Well done, billionaire Ricky Razon

By Herbert Vego

IN choosing Iloilo City and suburbs as prime targets for business expansion, billionaire Enrique Razon Jr. has proven himself right. As everybody now knows, he is the investor behind the successful MORE Electric and Power Corp. (MORE Power), the city’s power-distribution utility.

The last time Razon came here to grace the inauguration of the company’s new substation at Iloilo Business Park, he spoke well of the city.

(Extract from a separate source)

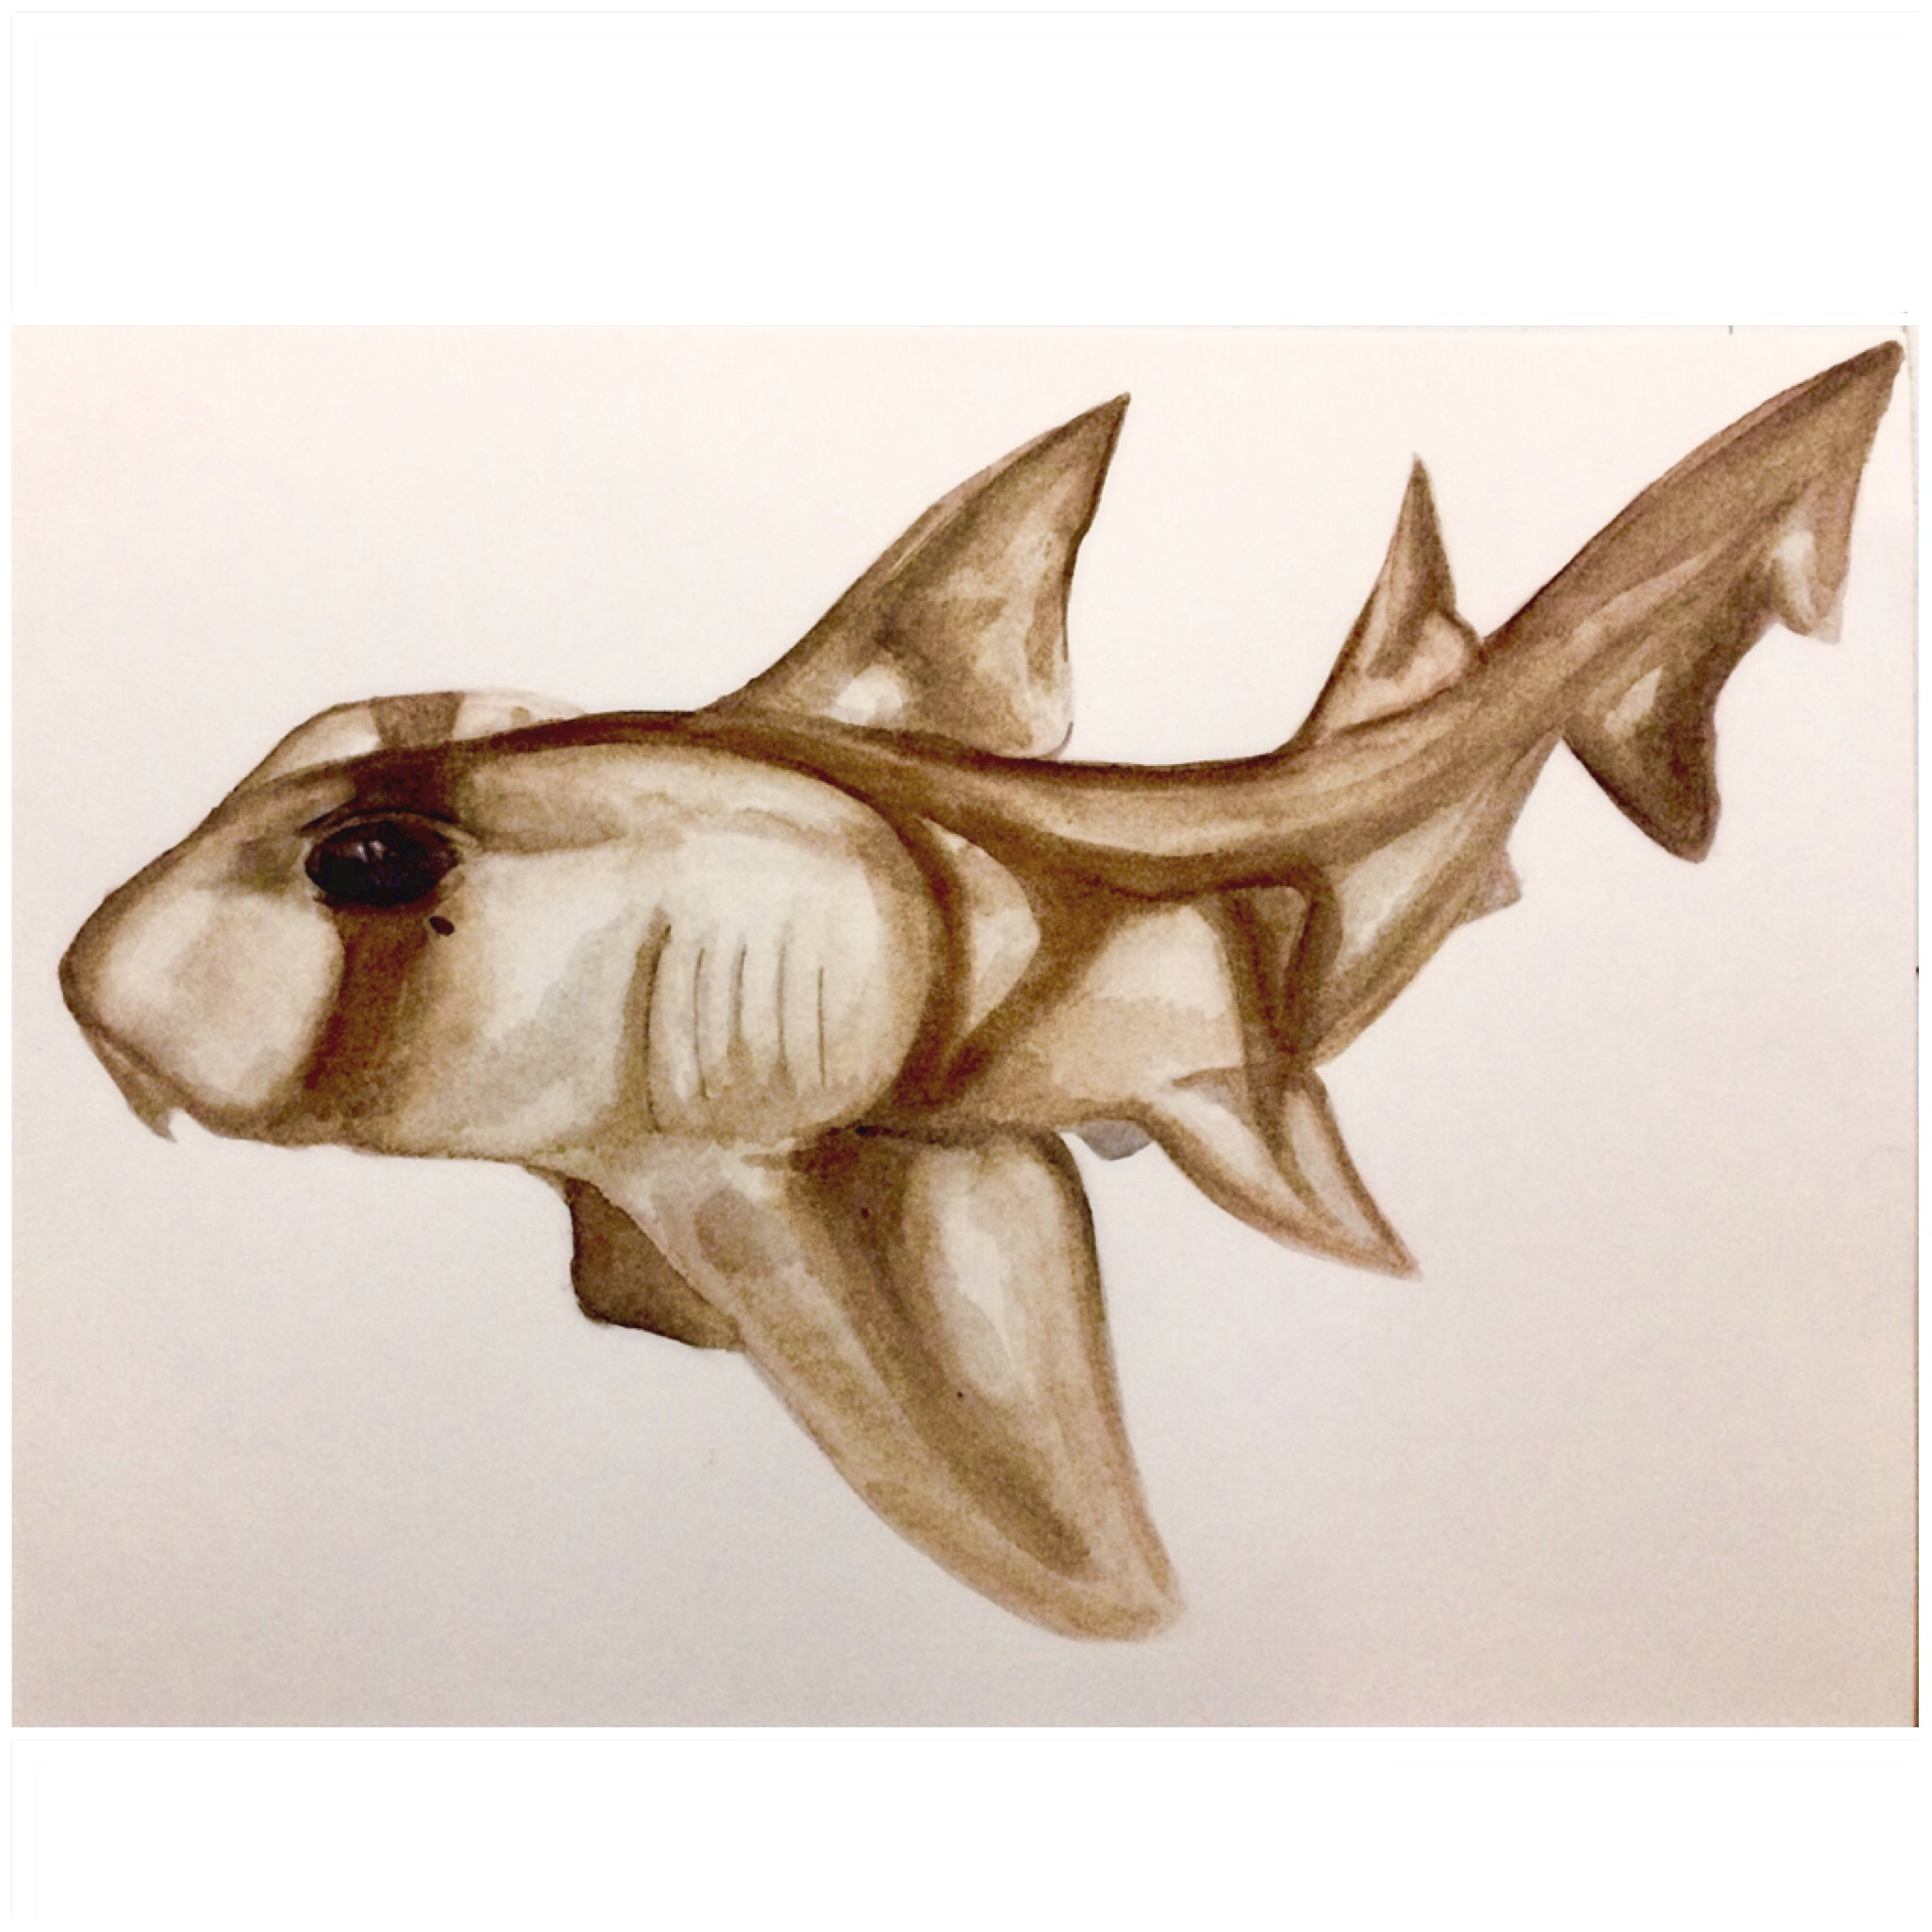 19/365 Port Jackson Shark

Journalist Tara Yap quoted Razon as having said, “We are proud to have been part of Iloilo’s journey towards progress and will remain committed to contributing in the region’s economic and social development.”

According to Ms. Velma Jane Magno Lao, head of the city’s Local Economic Development & Investment Promotion (LEDIP) Office, sufficient electricity is an important key to the growth of business opportunities in Iloilo City.

“At present,” she said while guesting on our radio program Tribuna sang Banwa on Aksyon Radyo last Sunday, “MORE power utilizes only around 50 percent of its power capacity. The company is certainly capable of responding to bigger demand.”

She lauded the joint efforts of Mayor Jerry Treñas and MORE Power President Roel Castro in attracting more investors at the moment when the city is experiencing a booming economy.

Lao, who is also executive director of the Metro Iloilo-Guimaras Economic Development Council (MIGEDC), was with Treñas and Castro during the First Metro Iloilo-Guimaras Investment Forum held at the Conrad Manila Hotel last November 20. Governors Art Defensor Jr. and JC Rahman Nava represented the provinces of Iloilo and Guimaras, respectively.

MIGEDC, incidentally, is aimed at attracting at least ₱500 million worth of new business investments in the burgeoning Metro Iloilo-Guimaras (MIG) growth area. Metro Iloilo includes Iloilo City and its neighboring towns of Leganes, Pavia, Sta. Barbara, Cabatuan, Oton, and San Miguel.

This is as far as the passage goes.